Sources for Further Study

Foisner, Sabine. “Elizabeth Jennings: Against the Dark.” In English Language and Literature: Positions and Dispositions, edited by James Hogg. Salzburg, Austria: University of Salzburg Press, 1990. Shows how Jennings renders imagination sacred, facilitates communion with God, affirms order over earthly chaos, and garners salvation from suffering.

Gramang, Gerlinde. Elizabeth Jennings: An Appraisal of Her Life as a Poet, Her Approach to Her Work, and a Selection of the Major Themes of her Poetry. Lewiston, N.Y.: Edwin Mellen Press, 1995. Despite awkward phrasing and text wedded to the obvious, includes a comprehensive bibliography and an interview with Jennings.

Riggs, Thomas, ed. Contemporary Poets. 7th ed.

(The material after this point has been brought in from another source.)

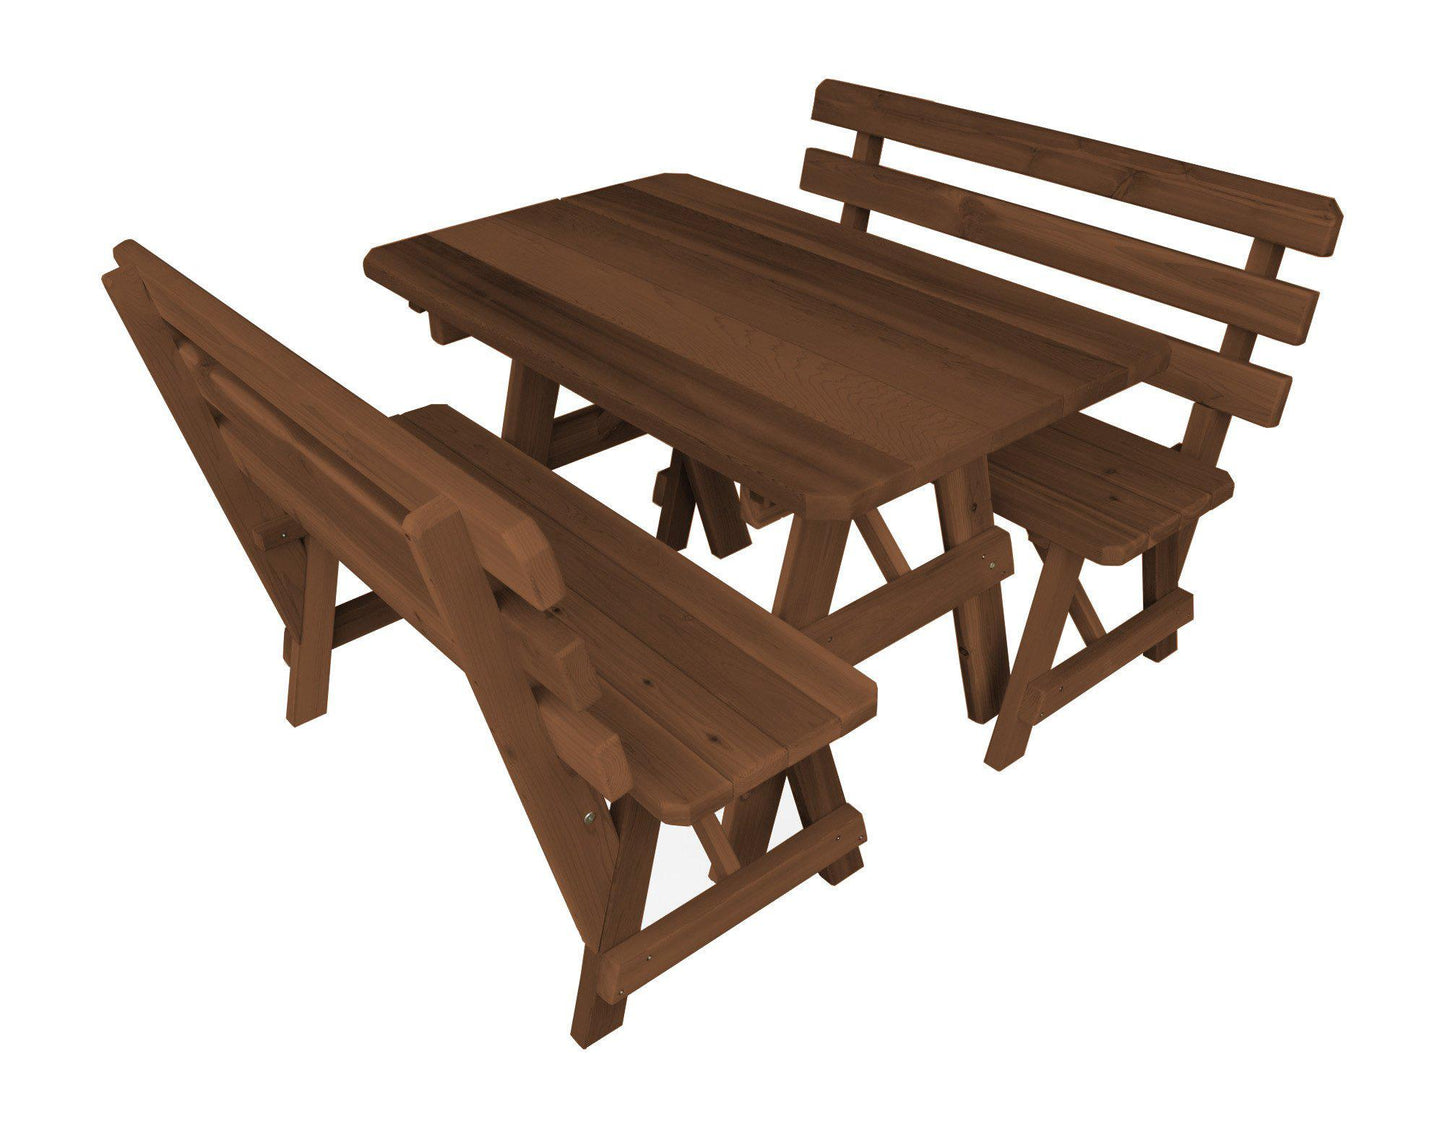 A&L FURNITURE CO. Western Red Cedar 94" Table w/2 Backed Benches - Specify for FREE 2" Umbrella Hole - LEAD TIME TO SHIP 2 WEEKS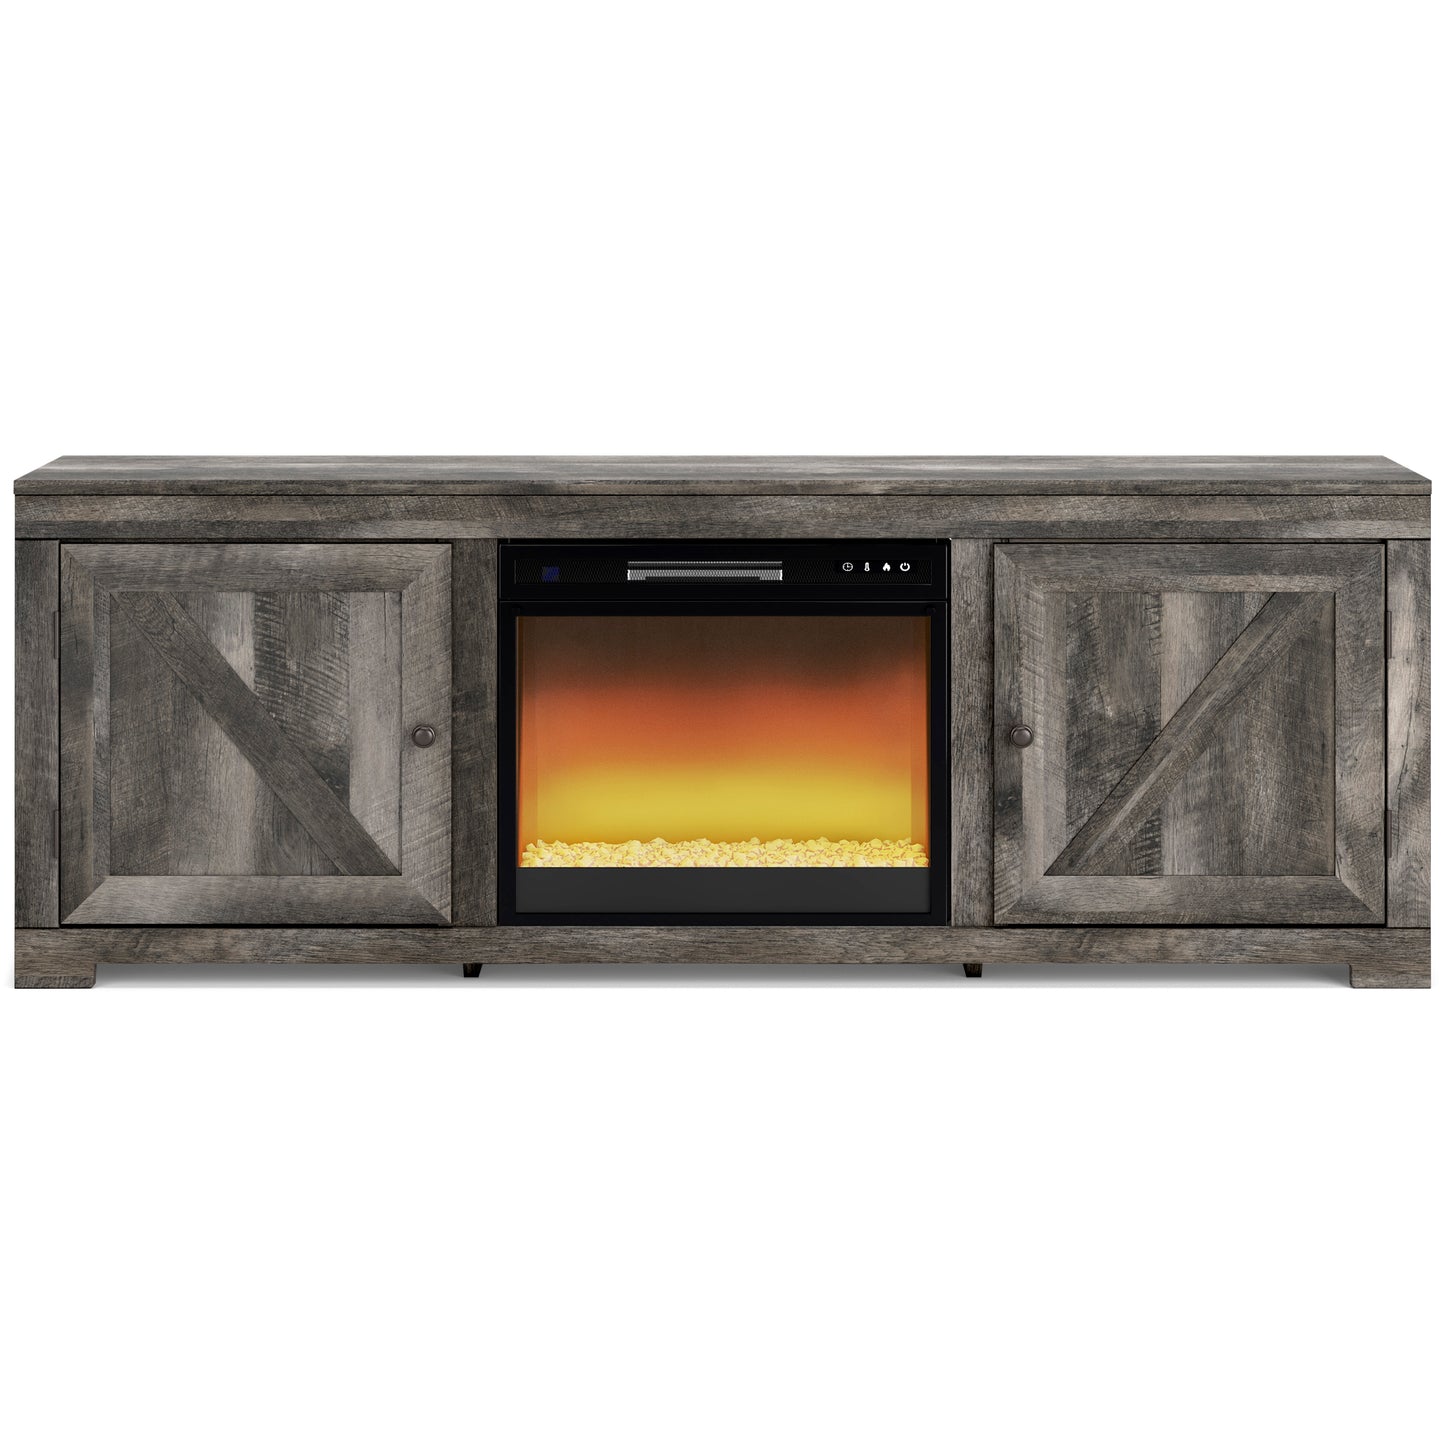 Wynnlow TV Stand with Electric Fireplace

Detroit: St. James Press, 2001. Examines contemplation, projection, saints (including Saint Catherine and Saint Augustine), and mystical revelation in Jennings’s work.

Shelton, Pamela, ed. Contemporary Women Poets. Detroit: St. James Press, 1998. Traces Jennings’s entries into the experiences of artists, religious figures, the desperate, and the aged.

Wheeler, Michael. “Elizabeth Jennings and Gerard Manley Hopkins.” In Hopkins Among the Poets: Studies in Modern Responses to Gerard Manley Hopkins, edited by Richard F. Giles. Hamilton, Ont.: International Hopkins Association, 1985. Compares similar poetic treatments of innocence, suffering, and childhood. Notes parallels in tone and alliteration.